For full U.S. and world news coverage, visit NBCNews.com.

Asiana Airlines President Yoon Young-doo identified the two fatalities Sunday as female teenagers from China, saying they had been sitting at the back of the plane. The South Korean airline's official Weibo microblog later said both girls, Ye Mengtuan and Wang Linjia, were 16-year-old students at Jiangshan Middle School.

Speaking at a news conference in Seoul, Young-doo said that he did not believe the flight suffered an engine defect. He described the four pilots aboard the plane at the time of the crash as "skilled," the AP reported. Three of the pilots had each logged more than 10,000 hours of flight time, he said.

Still, Young-doo bowed and said that he was "extending my deep apology" to passengers, their families and South Koreans.

Education officials in China said that at least 70 students and teachers from the highly competitive Jiangshan Middle School were on Flight 214 heading to summer camps, The Associated Press reported.

The two students who perished were among 30 high school students from the town of Jiangshan in Zhejiang province, eastern China, Chinese media reported, according to The New York Times.

All were set to attend a 15-day English language program at California universities, according to a Shanghai newspaper, the Times reported.

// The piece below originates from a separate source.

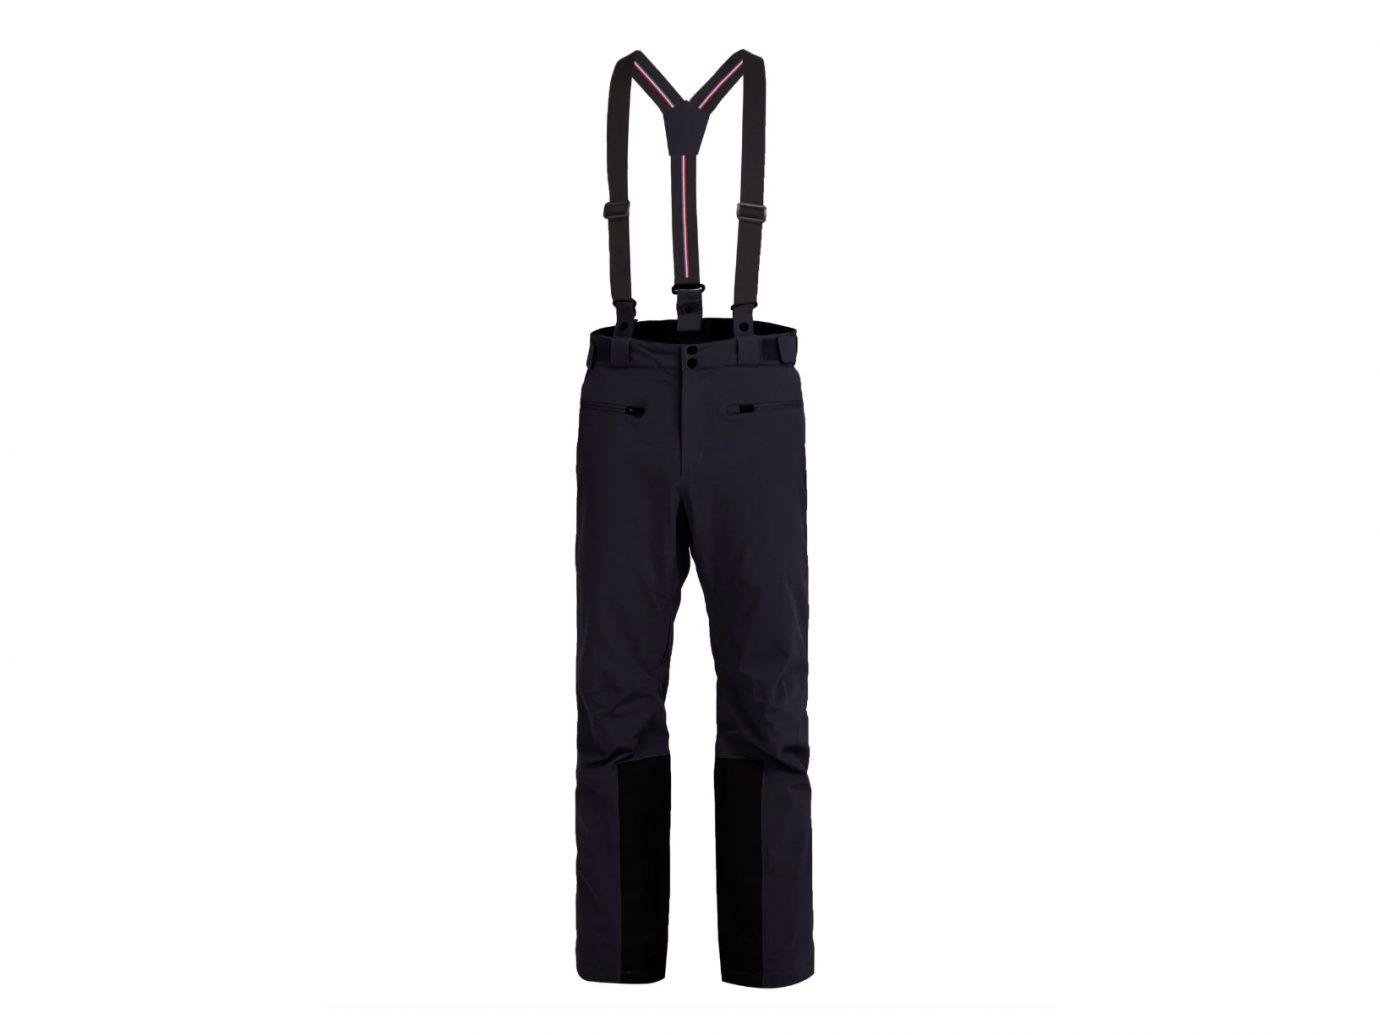 Fusalp Straton ski trousers

Wang Linjia, posted her last messages to her account on a Chinese microblogging site on June 5, which read, "Maybe time can dilute the coffee in the cup, it can flatten the contour of memory,"  according to Chinese media, the Times reported. Then an hour laters she wrote "Go."

Aboard the plane was also a group of 30 students and six teachers from north China's Shanxi Province, Xinhua, China's official news service reported.

Federal investigators said Saturday it was too early to determine why the plane crashed into SFO's Runway 28.

The plane crashed in favorable weather, partly cloudy skies and light wind,NTSB officials who spoke with NBC News said.

SFO officials said a total of 307 people were on board Flight 214: 291 passengers and 16 crew members. Asiana Airlines said the passengers included 77 Koreans, 141 "of Chinese descent," 61 U.S. citizens, three from India, one Japanese, one from Vietnam, and seven of unknown origin.

Flights in and out of SFO were suspended for about four hours after the crash, the first fatal accident at the airport in 75 years.

Saturday's crash was also the second major accident invoving a Boeing 777 in the 18 years the model has been in service, according to the AP. That earlier accident occured Jan. 17, 2008, when British Airways Flight 28 from China landed about 1,000 feet short of the runway at London's Heathrow Airport. The impact broke the jet's landing gear and caused 47 injuries.